Chegamos ao estádio quase na hora do jogo. Depois de muito
empurra-empurra, entramos. Logo de cara, vimos e ouvimos o Ronaldinho
sendo esculhambado pela torcida do vozão: “Gaúúúcho, biiicha”.
Era cruel, e logo nós que o amávamos tanto. Um cidadão distinto,
vestido a caráter, que mais parecia o vovô mascate, me cutucou. “Né
bicha ele?” E eu ensaiei: “gaúcho bicha”. Muito fraquinho. O
outro me olhou desconfiado. Meu filho então entoou: “Leeeo Moura,
bichiiiinha”. E me olhou como dizendo “é assim que se finge”.
Segue o jogo e meus olhos seguem os jogadores do Fla. De repente bola
na área do Ceará, Tiago Neves cabeceia na trave. Soltei o palavrão
acompanhado de um gesto de cabeça. Um Parrudão me olhou, e eu
disse: “Pode não, vozão, dá moleza” e sorri amarelo.
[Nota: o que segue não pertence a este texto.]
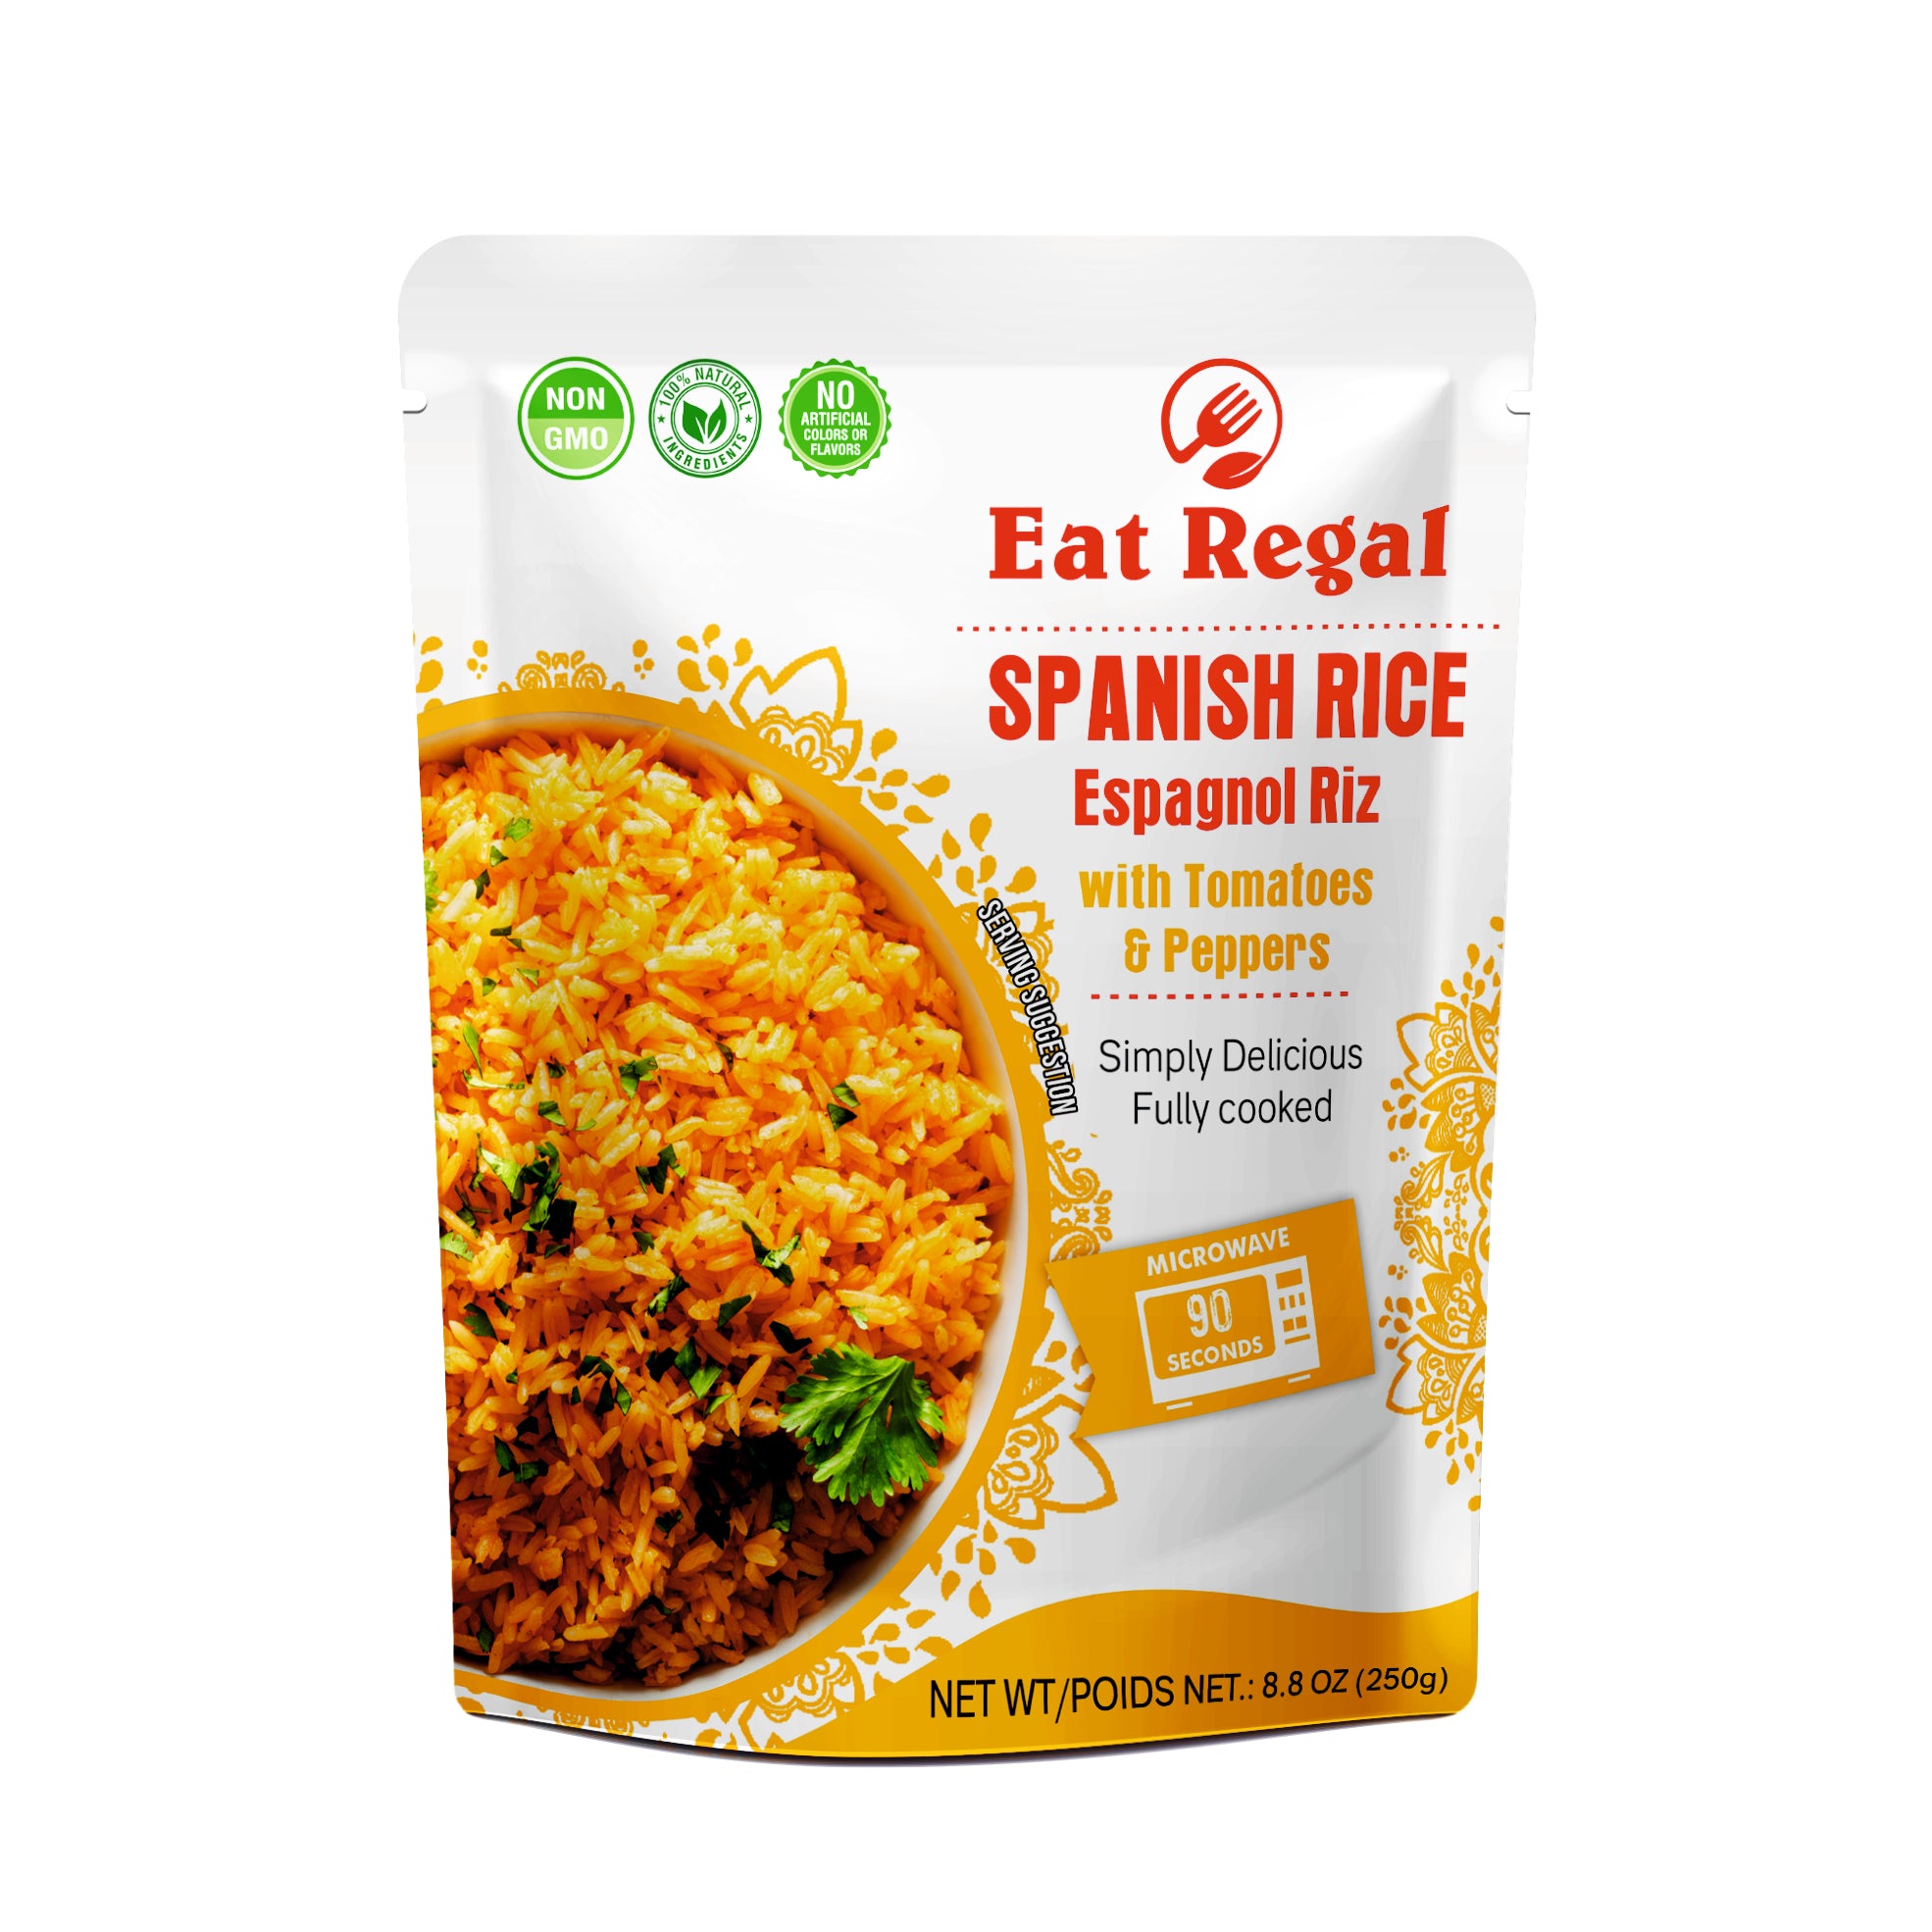 Eat Regal Spanish Rice - Ready in 90 Seconds

Meu filho
me cutucou, como quem diz: “não brinca, pai”. De súbito passam
por mim uns quatro “pitbulls”. Um deles diz: “ali, ó!” e
aponta para um senhor de de blusa vermelha. Correm até lá e vejo o
senhor se explicando, depois de levar uns safanões dos brutamontes.
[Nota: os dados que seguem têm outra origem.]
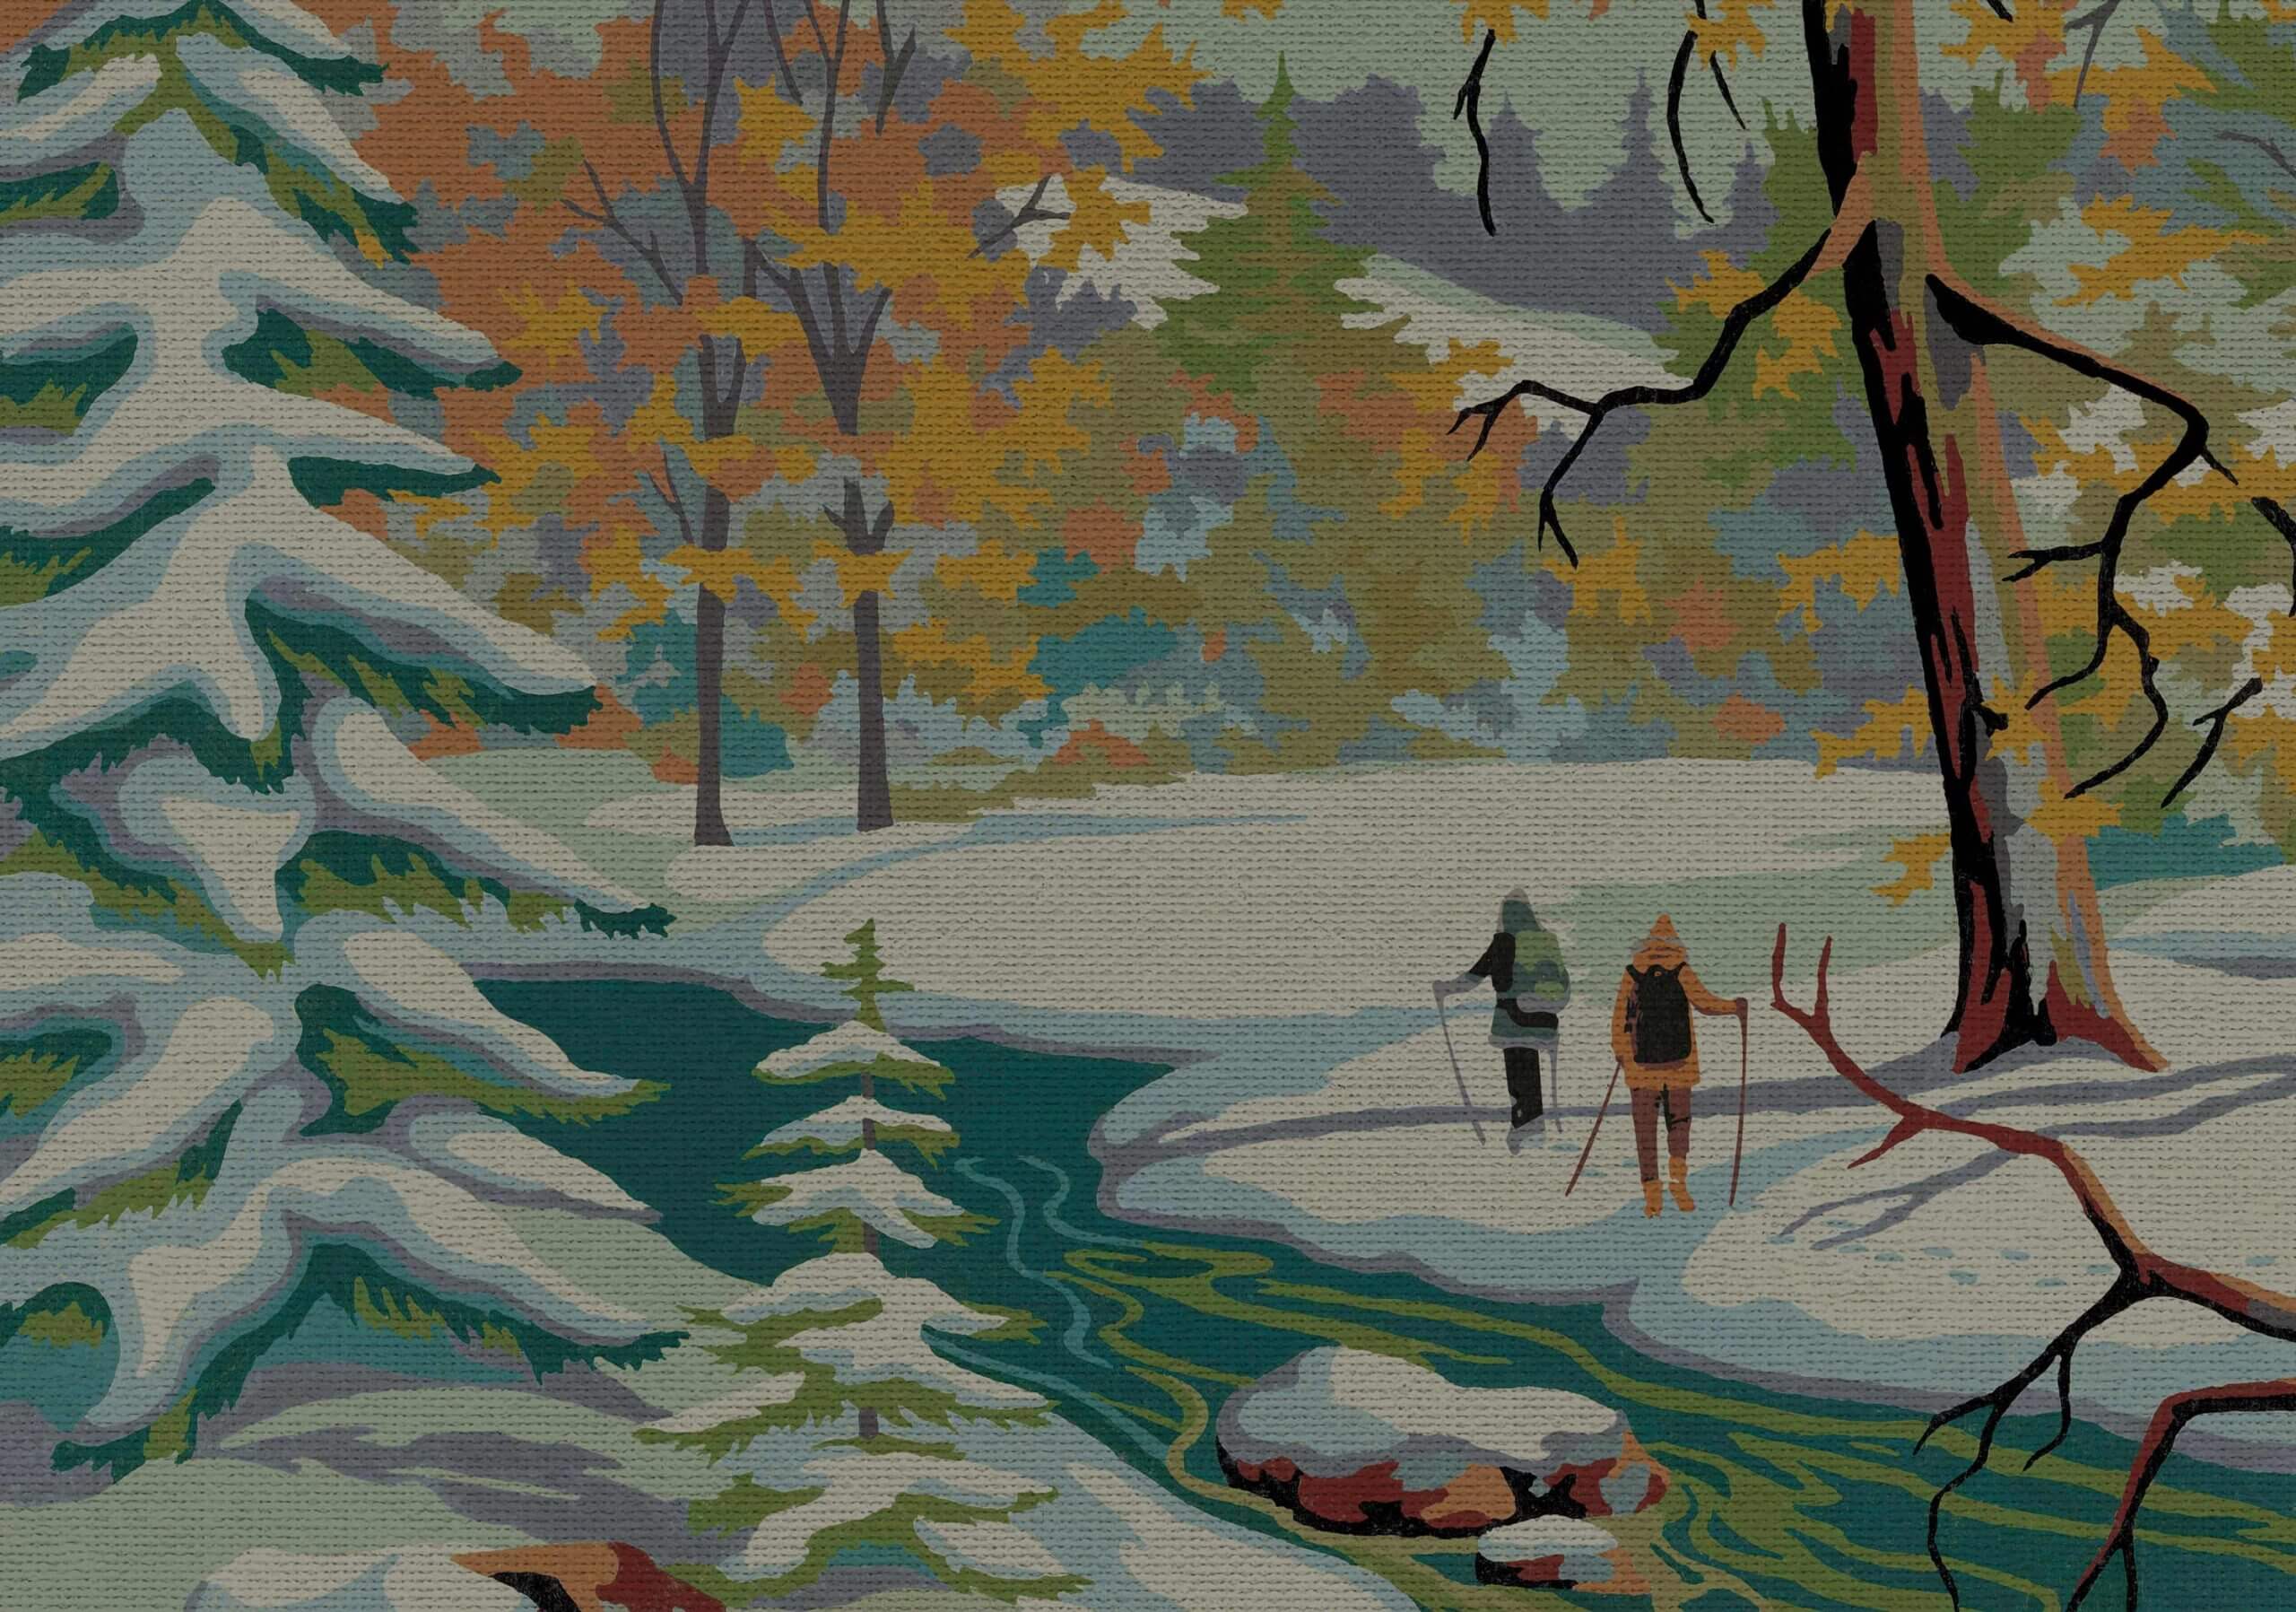 animated picture with 2 people hiking in the snow beside a river

Eram caçadores de flamenguistas. Aí eu tive mais certeza do risco
que estávamos correndo. Mas o vovô é ruim demais. Mengão na
área, Tiago Neves cruza, Deivid faz 1x0. Alegria contida tem gosto
de fel, sal e doce misturados.
Depois do intervalo depois de ouvir um monte de torcedor discutindo
sobre o acontecido, enquanto comem caiduro, voltamos para o segundo
tempo. Agora a vítima era o juiz: “bicha vagabunda, não toma o
jogo do meu vozão”, dizia um. Outro me cutucava e apontava para o
árbitro e eu tinha de xingá-lo também. E a gritaria era grande. Lá
do outro lado estavam mil flamenguistas felizes, e eu morrendo de
inveja. Meu filho mais ainda. A tortura continuava. O Flamengo
atacava o ceará se defendia, e eu não podia vibrar com meu time.
De repente os “pitbulls” voltaram. Desta vez empurravam e davam
tapas num homem. E gritaram para alguns que estava atrás de mim:
“esse estava ali infiltrado, fingindo torcer pelo vozâo”.
Nesse momento, ciente do risco, comecei a gritar a plenos pulmões:
“Ôôô, Vai pra cima deles, vovôôô!”
(Professor Alves)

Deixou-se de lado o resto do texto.